In this study, a form of the Bayesian regulated backpropagation algorithm that we developed in our previous studies was used (20). Neural networks were initially trained using a data set containing FTIR spectra of a number of water-soluble proteins dissolved in water (21). The secondary structures of these proteins are known from X-ray crystallographic analysis. Since the spectra of proteins with known structures required for ANN training were very limited, to improve the training of neural networks, the size of the data set was increased by generating new spectra from the pairwise averages of the available spectra (20). Secondary structures of the generated spectra are calculated by averaging the corresponding secondary structures of the original spectra. Before starting the training procedure, FTIR spectra of the Amide I band were normalized and then their discrete cosine transforms (DCT) were obtained. The first 13 DCT coefficients were input to the ANN. In this ANN study, each protein’s secondary structure elements namely, the percent content of alpha-helix, beta-sheet, and turns were obtained. Standard prediction errors of trained ANNs were obtained as 4.19% for α-helix, 3.49% for β-layer, and 3.15% for turns.
Statistics. The results were calculated as ‘mean±standard error of the mean (SE)’. The differences in variance were analyzed using one-way ANOVA and Dunnett’s test in GraphPad Prism V.6.00 (GraphPad Software, La Jolla, CA, USA). p-Values less than or equal to 0.05 were considered statistically significant (such as *p≤0.05; **p≤0.01; ***p≤0.001). Statistical significance was demonstrated with # for BFMI lines and with * for the DBA/J2 control line.
Results and Discussion
Changes in phenotype and gene expression. There are major differences in the phenotypes of BFMI lines including body fat mass, body fat percentage, weights of dissected fat pads, inner organs, and glucose concentrations depending on the selection process for high fatness and low protein content during the establishment of BFMI (22). However, features of metabolic syndrome and reduced insulin sensitivity were only seen in 860 and 861 lines. Hantschel et al. (23) reported that the BFMI860 line has higher serum triglyceride levels when fed both the standard breeding diet and high-fat diet. In support, an infrared and chromatographic study from our group reported that among the BFMI lines, the BFMI860 and BFMI861 lines showed marked obesity-induced alterations in the structure and content of lipids and glycogen of adipose and skeletal muscle tissues (24). The male DBA/J2 mice line is often used as a control showing a wild type-like phenotype (16,25).

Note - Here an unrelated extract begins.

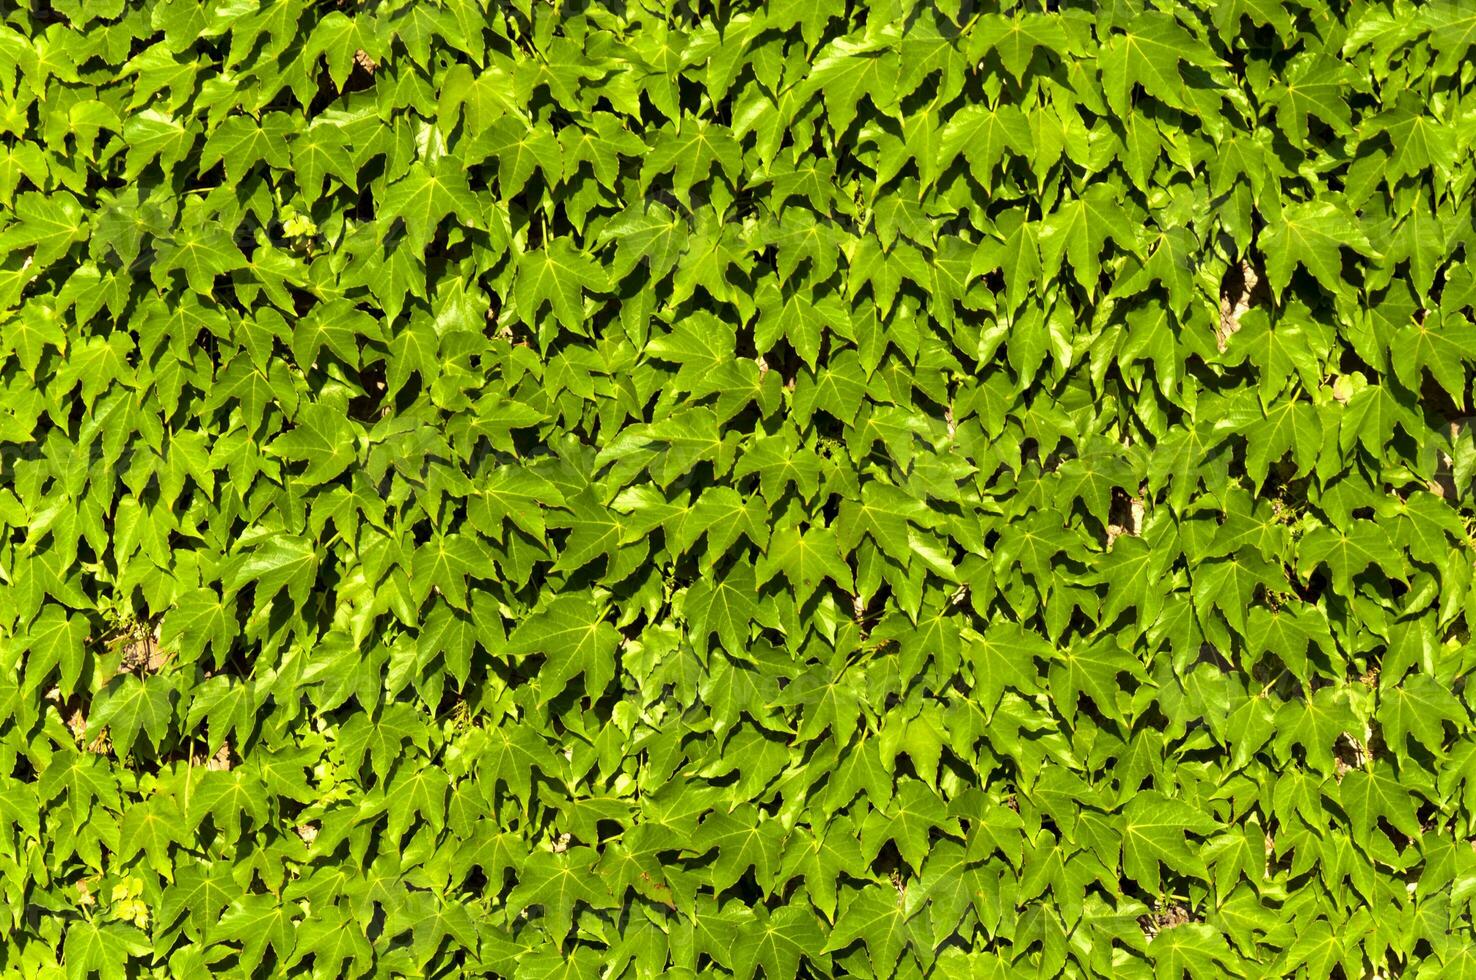 sfondo di foglie verdi foto

In order to characterize the BFMI mouse models at the molecular level, mRNA expression of leptin, Igf-1, Tnf-α, and Pparγ-2, which are associated with obesity and accepted as markers of inflammation and/or obesity, were analyzed using qRT-PCR.
The Berlin Fat Mouse is characterized by a high body fat mass with altered lipid metabolism but normal lean mass (22), and impaired fat oxidation (26). The study was performed with males because previous studies have shown that diet-induced changes in body composition were more apparent in males than females. BFMI males were highly sensitive to increased fat deposition with respect to affected adipokine release and glucose tolerance (23). They also showed altered structure and content of lipids (22). At 10 weeks, the body weight of all BFMI males was higher than that of the control (Figure 1). Body weight gain was markedly highest in the males of BFMI 860 lines. In addition, BFMI 861 mice accumulated proportionally less fat among all BFMI lines.
Figure 1. Body weight of Berlin Fat Mouse Inbred (BFMI) and control (DBA/2J) male mice fed standard breeding diet (SBD) at the end of 10 weeks.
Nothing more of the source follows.